In private life a man of candour
and simplicity without ostentation
pious and devout geven to hospita
lity, a warm friend , an affectionate
husband, an indulgent parent.
Psalm (?)6 and 9
My flesh shall rest in hope
Also two of his sons are here
interred, James who died 28(or 9) October 1747
aged 10 months
and Patk(or r) who died 10th Oct. 1756(or 0), aged 8 years
Erected to their memories
his son Thomas 16th July 1774
According to Sheila A Scott's book Peeblesshire Monumental Inscriptions-pre 1850 this Thomas died on the 16th July 1817 aged 74. However there is no mention of this on the tablegrave itself as far as I can see but parts of the stone are hidden from view due to other graves placed very close to it.
On one side of this splendid tablestone grave is a smiling Winged Spirit, beautifully carved with wonderful detail in the hair and wings.

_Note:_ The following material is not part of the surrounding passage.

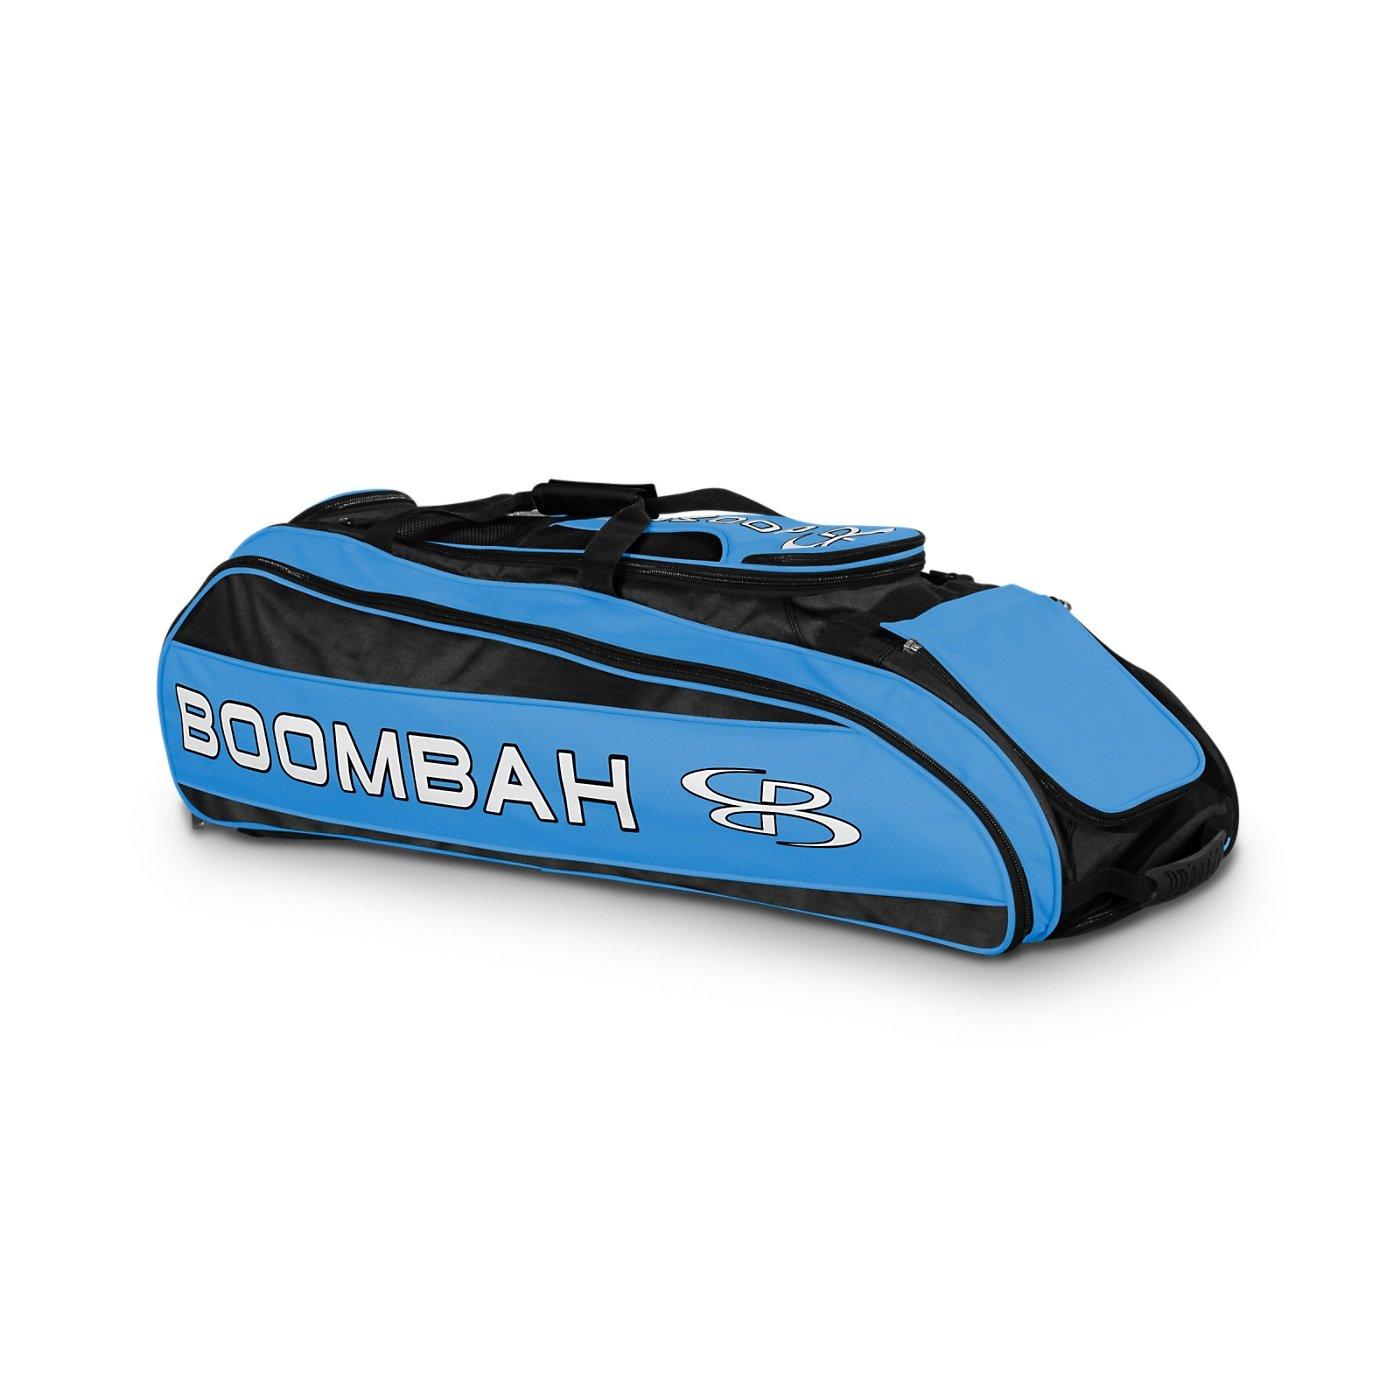 Boombah Beast Baseball/Softball Bat Bag - 40'' x 14'' x 13'' - Black/Columbia Blue - Holds 8 Bats, Glove & Shoe Compartments by Boombah (Image #1)

She had to be photographed on the diagonal as another grave is quite close. Once it's warm enough to lay on the grass I'll try laying on the grass and see if I can't get a better photograph. She really deserves to be shown in all her glory.
On the other side is a skull and probably crossbones but as you can see There is absolutely no chance of getting inbetween this tablestone grave and the obelisk standing right next to it to take a picture of the skull. This is just about the best view of it I could get. It seems very strange to have another grave monument this close, specially as the people commemorated on the obelisk seem to bear no family relationship to the Reverend.